Darlington acknowledges that advisers face “many competing priorities. Forty percent said finding enough time to meet all of their goals is their top challenge.” So to break out of the “vicious cycle” of not having enough time and not growing their business, Broadridge recommends that they set aside time to market their practice and “find the correlation as to what is moving the needle.” In fact, Broadridge helps advisers analyze their marketing efforts, which is why, Darlington says, he is “biased toward the marketing channels that are measurable.”

The survey also found that, on average, advisers spend 3.3% of their revenue on marketing, which Darlington says is probably the right amount. The key, though, is making sure that those dollars are being spent effectively, he says.

“We are trying to help advisers see across all of their digital channels—websites, social media and digital advertising,” he says. Certainly, Darlington adds, referrals will continue to be important for advisers, but, he says, they need to be paired with active marketing efforts. The survey found that marketing takes 3.7 months to convert a prospect to become a client, while referrals take 1.8 months. The best way for an adviser to begin to think about their marketing efforts, Broadridge says, is to be specific about what their growth, business and marketing goals are—with a clear line of sight into who their ideal target customer is.

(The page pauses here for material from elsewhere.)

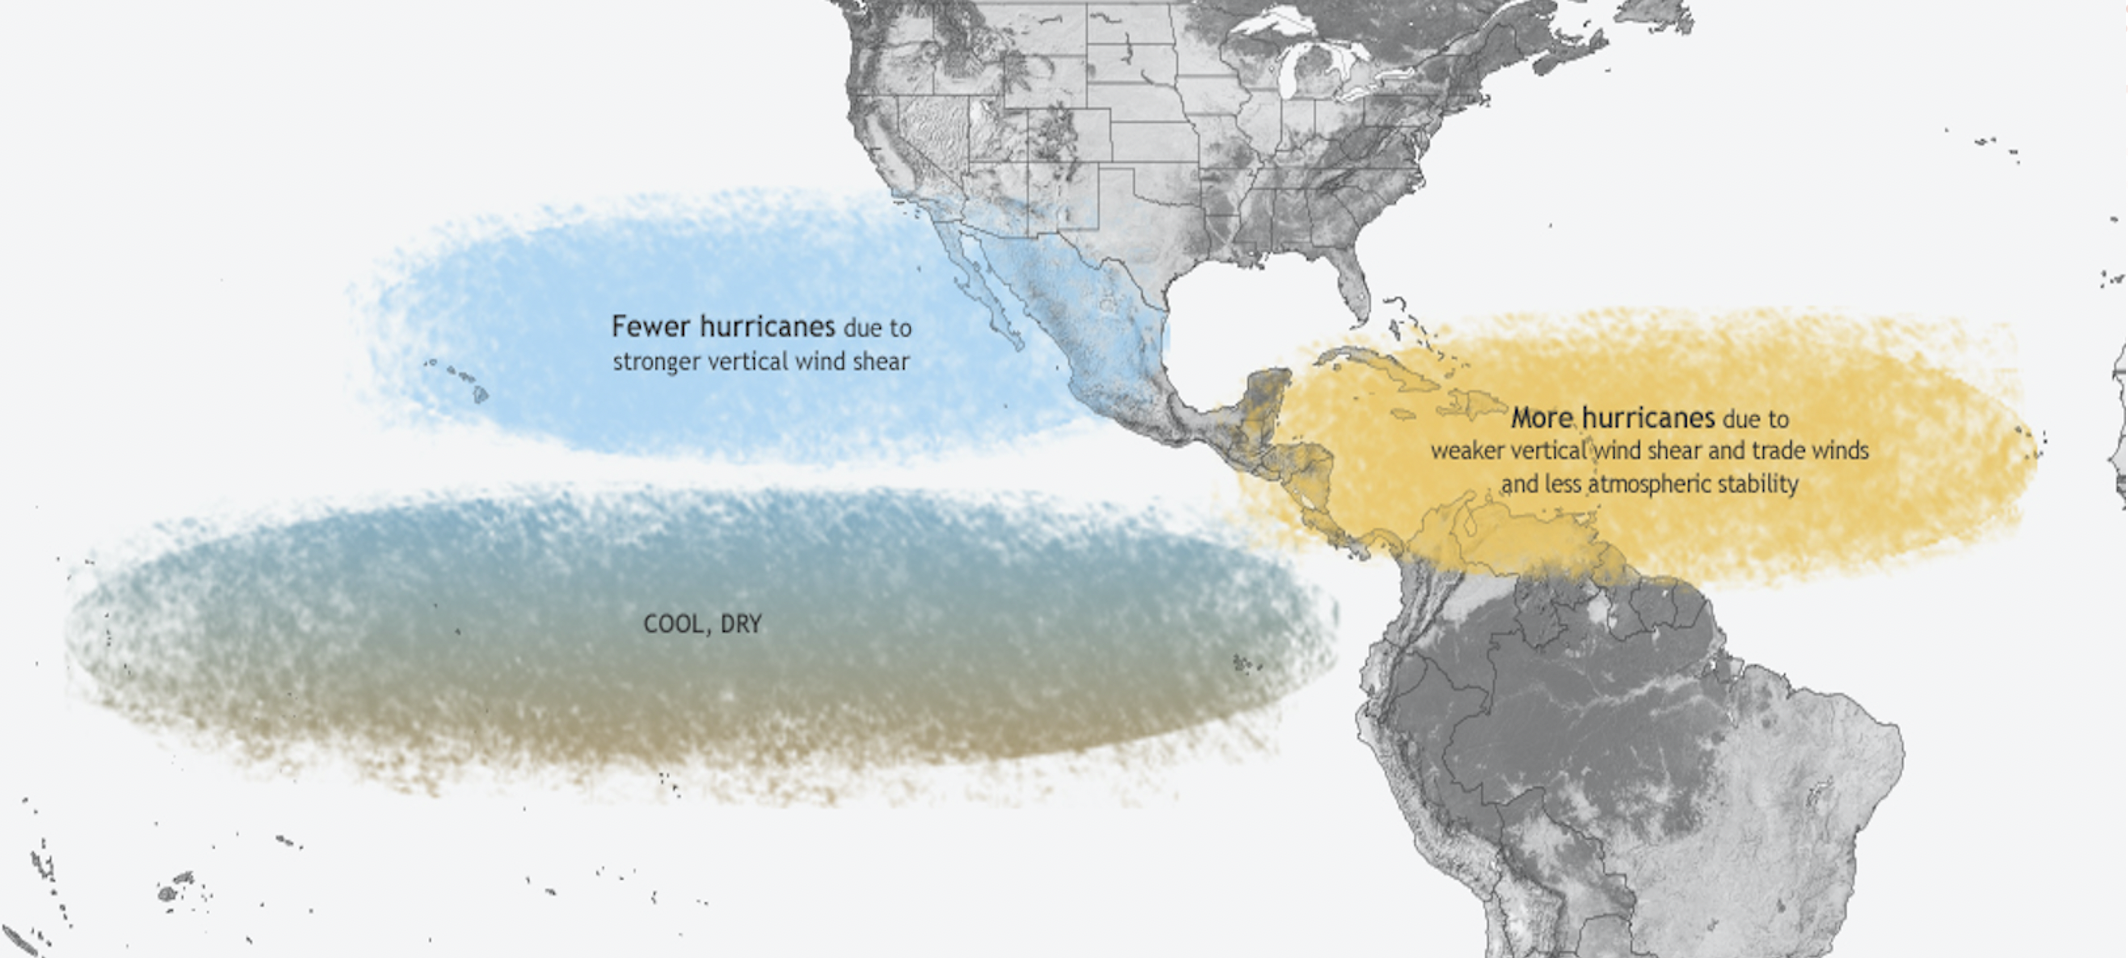 The effects of La Nina on the Atlantic Hurricane Season: Low wind shear supports storm development

The survey also found that advisers’ most popular channel for marketing is websites (76%), followed by in-person events (57%), social media (45%) and customer relationship management (CRM) systems (44%). Moving forward, 19% plan to increase their investments in social media, followed by webinars (14%) and digital media advertising (13%).

Twelve percent plan to hire in-house marketing staff. Among those with more than $200 million in assets under management, 20% plan to do so.

“We’re seeing a planned strategic investment in digital marketing among aggressive, growth-oriented advisers and firms,” Darlington says. “Advisers are already investing in and seeing success in organic social media marketing. As it becomes increasingly difficult to break through the organic clutter, the natural next step is increased investment in paid digital advertising channels that can offer powerful targeting to new audiences and stoke the lead generation pipeline. The most growth-minded advisers are separating themselves from the pack in terms of new client acquisition rates.”

While the economy and the markets have been strong for a long period of time, should they become more volatile, plan sponsors and individuals will be more inclined to change their advisers, Darlington notes. “Those with a better marketing and customer acquisition framework will separate themselves even further from those who do not,” he says.